▶ **Material provided**
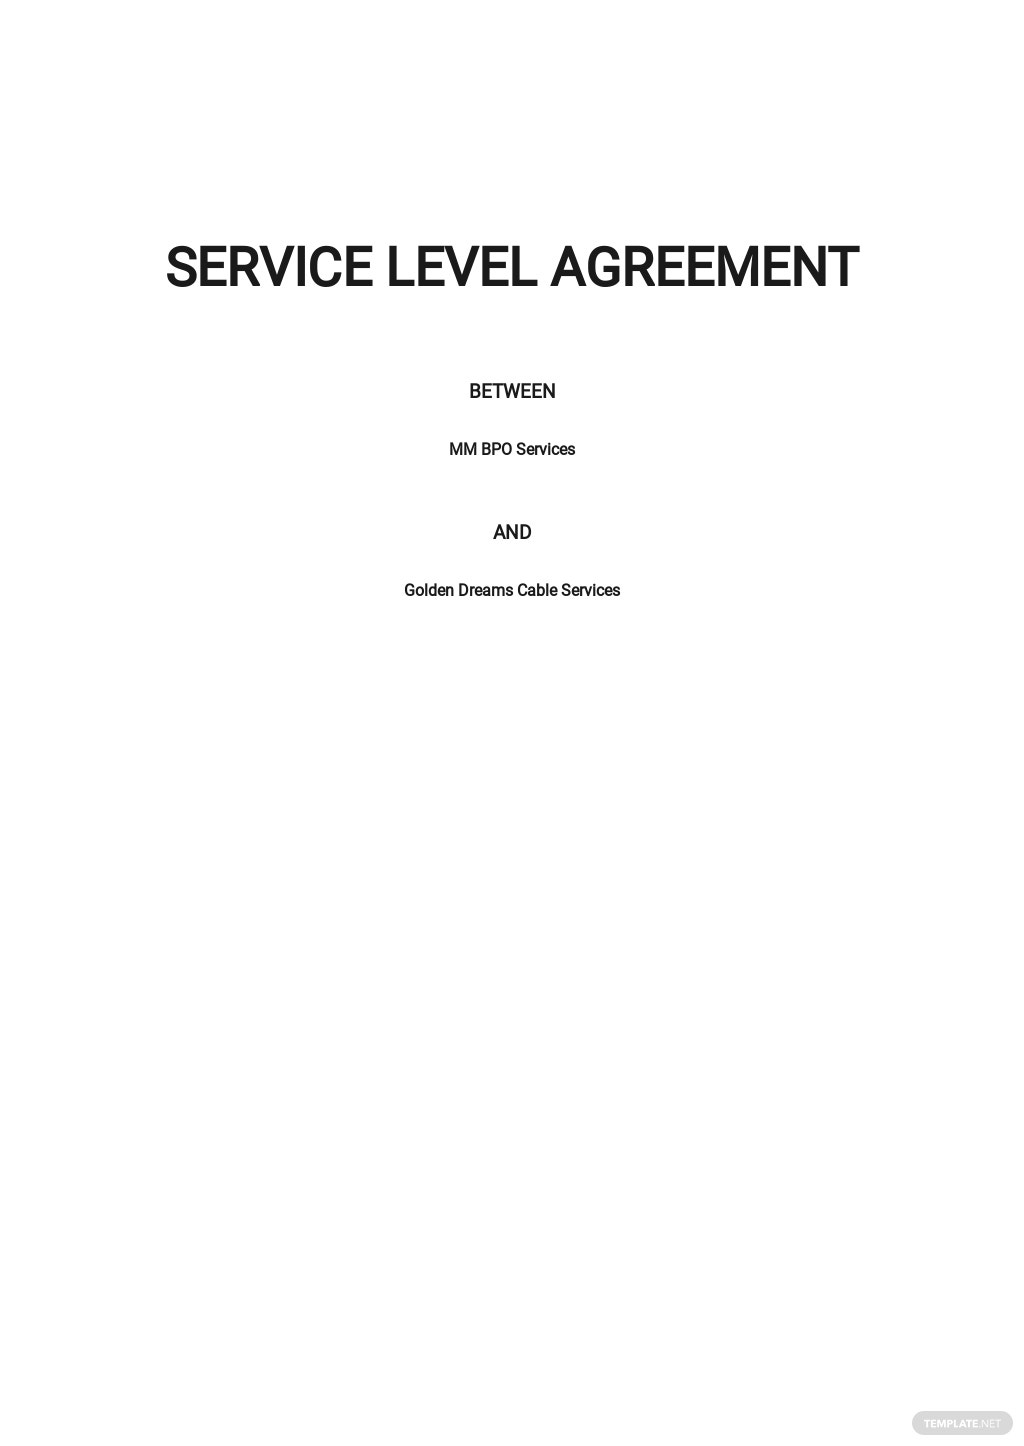 Simple Service Level Agreement Template.jpe
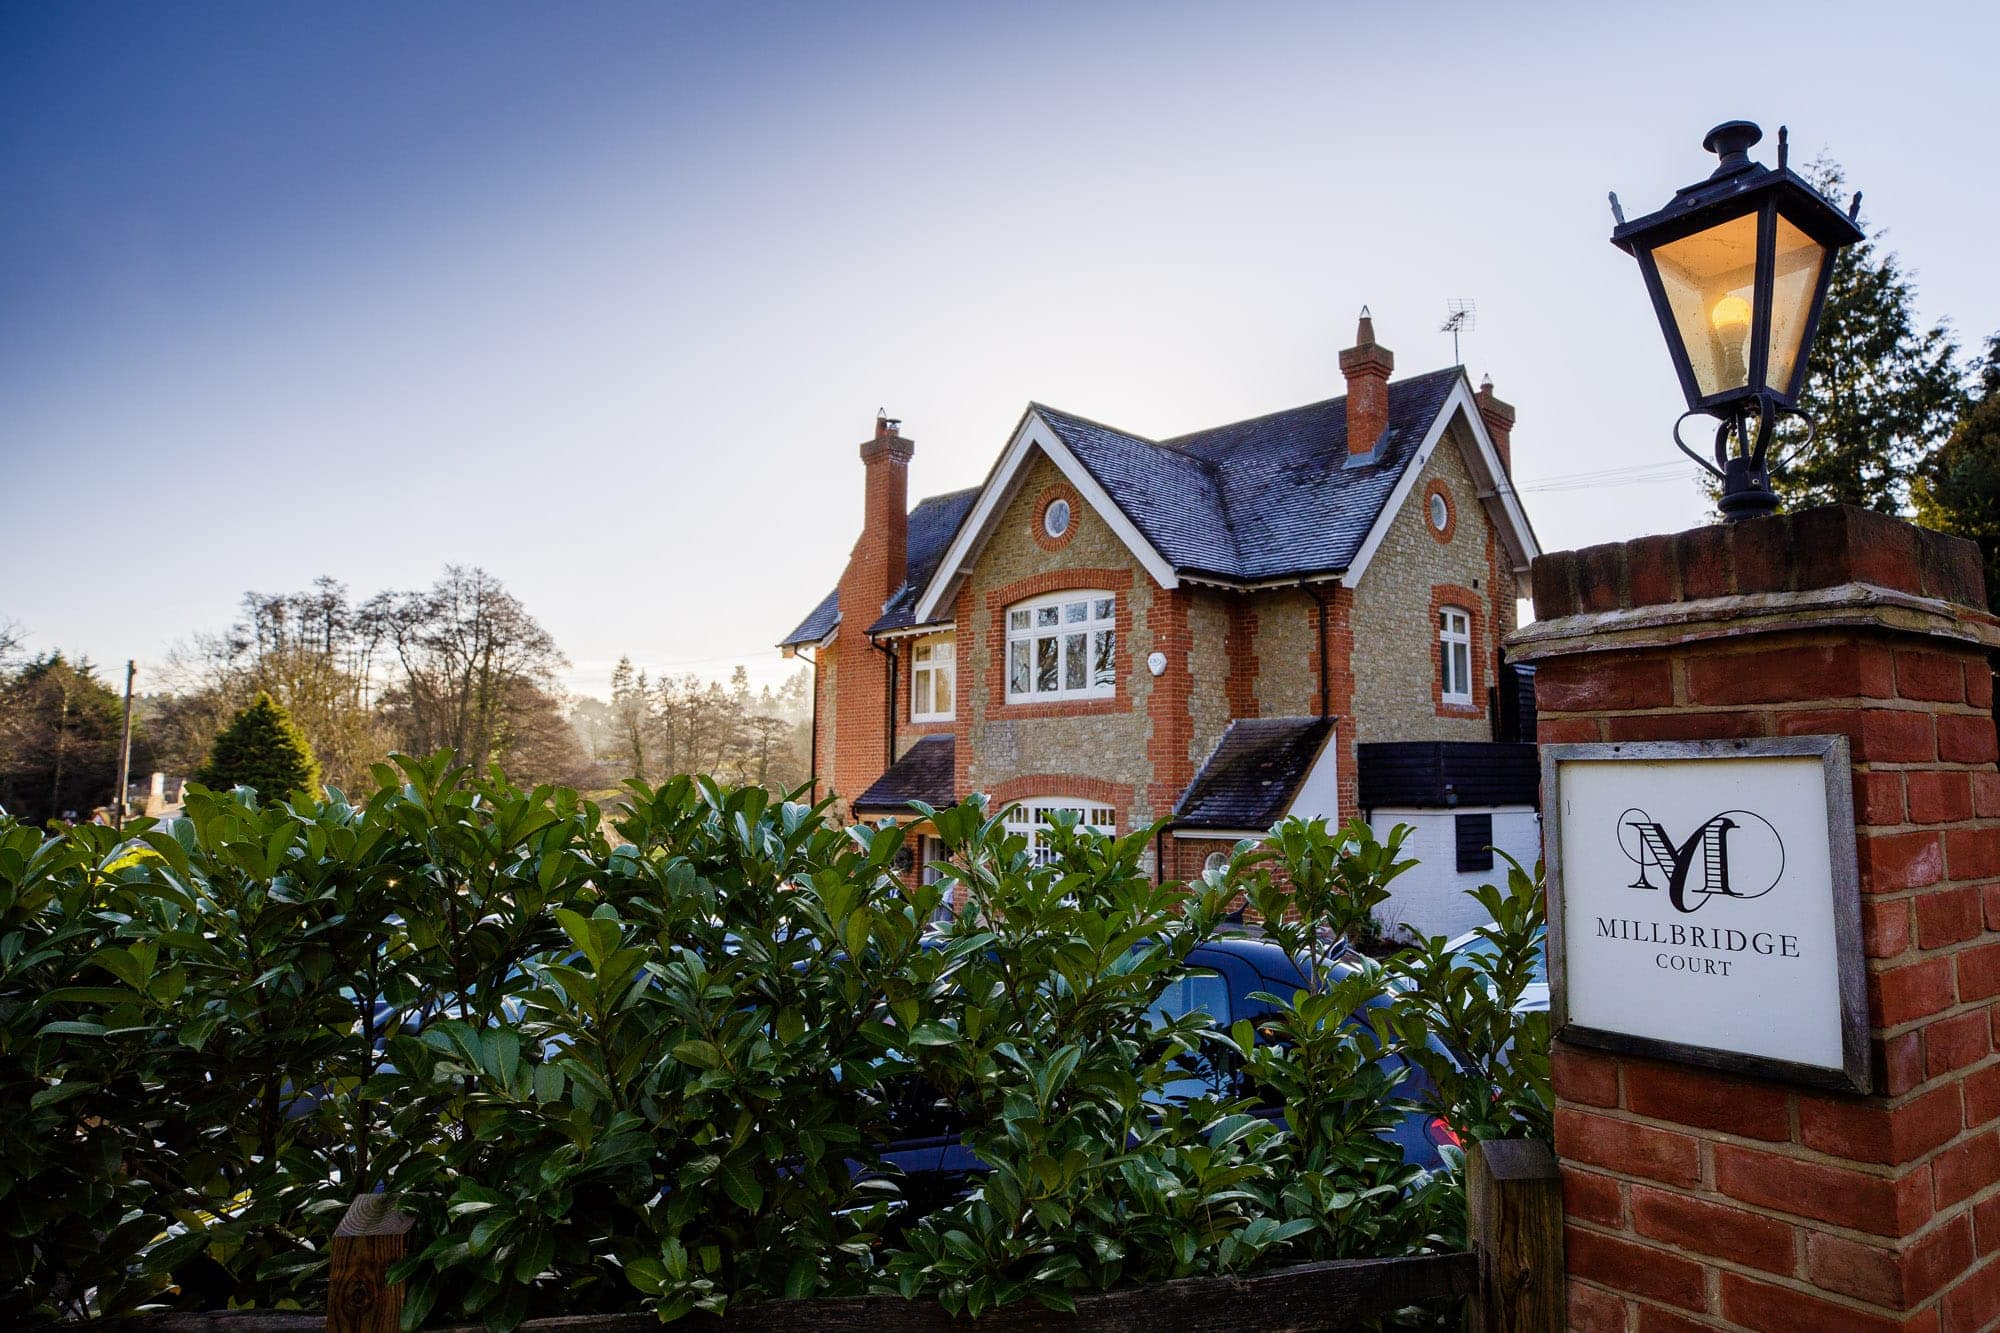 Millbridge Court Wedding Venue Surrey Farnham
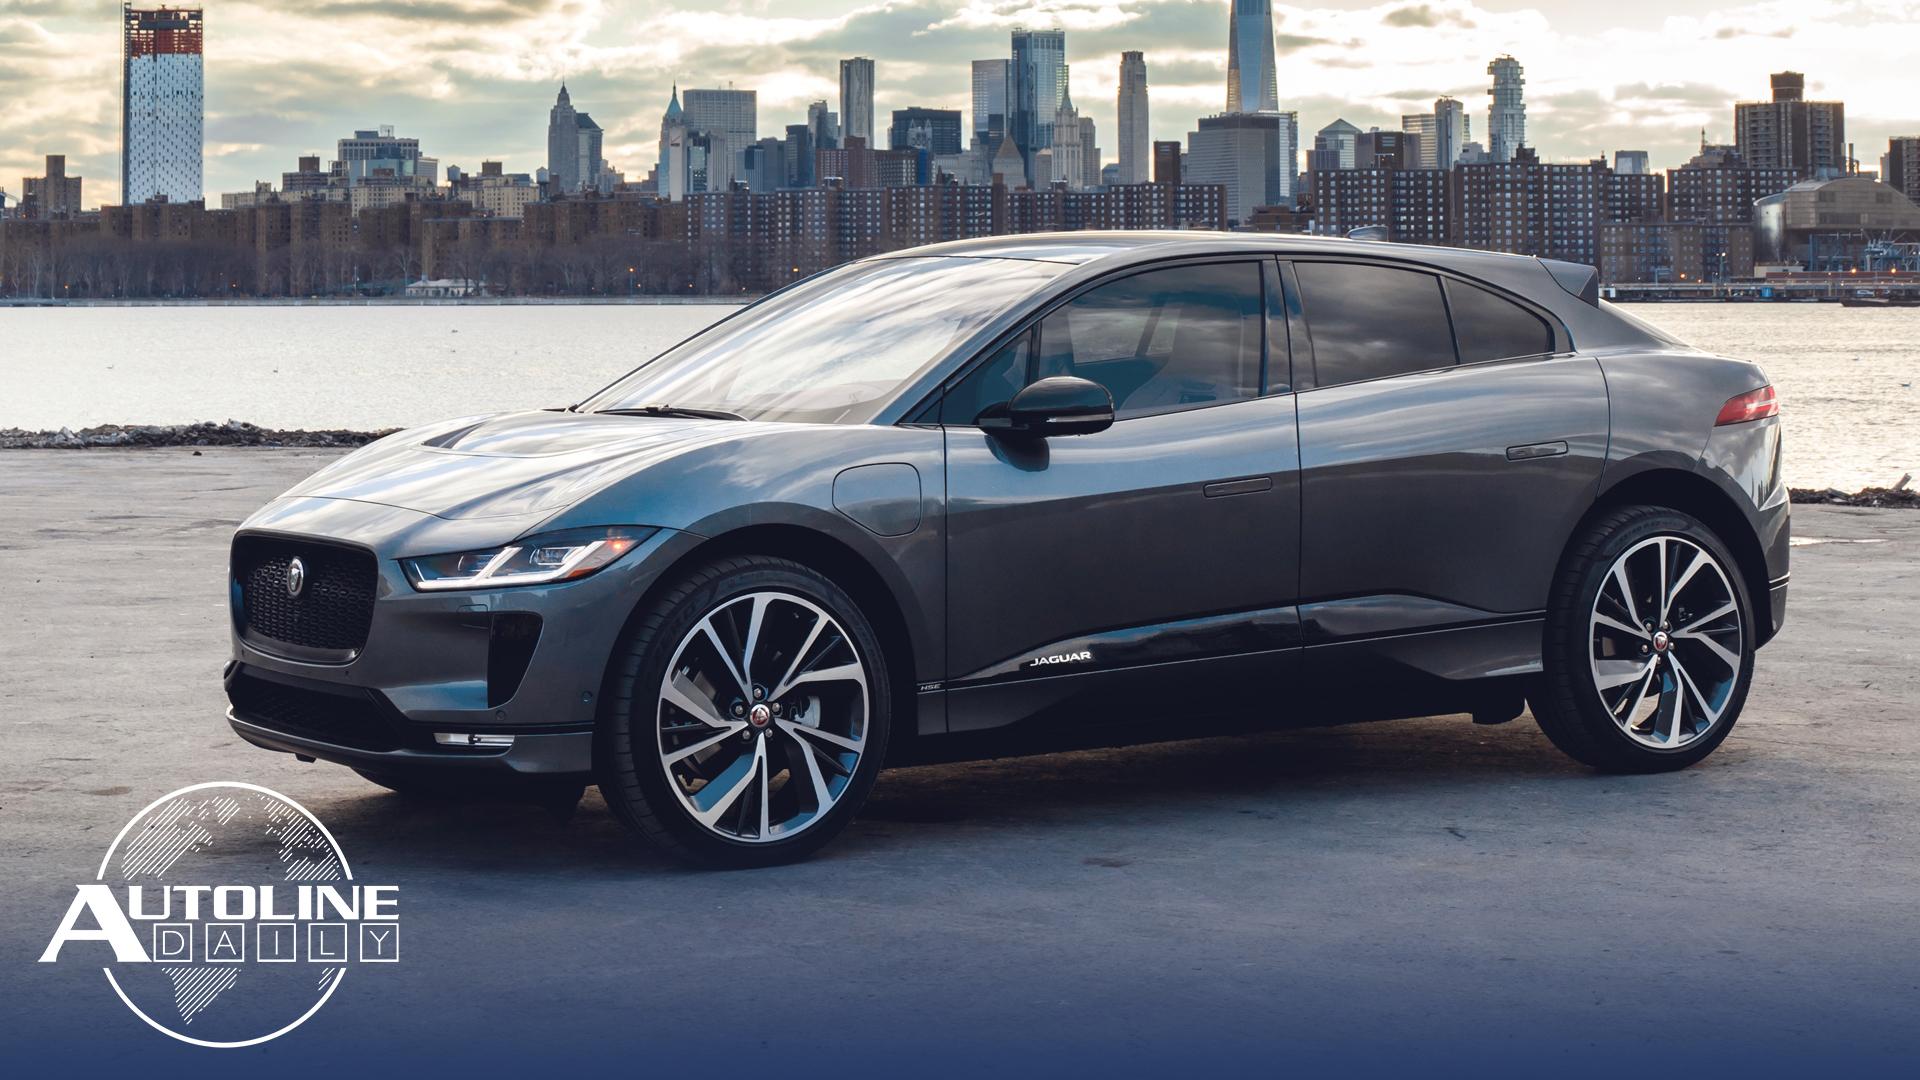 AD #2655 – Jaguar Going After Tesla Owners, OEMs Won't Make

▶ **Work request**
Exactly as written, copy out the listing, but without any pictures.

▶ **Result for this task**
 Simple Service Level Agreement Template.jpe
 Millbridge Court Wedding Venue Surrey Farnham
 AD #2655 – Jaguar Going After Tesla Owners, OEMs Won't Make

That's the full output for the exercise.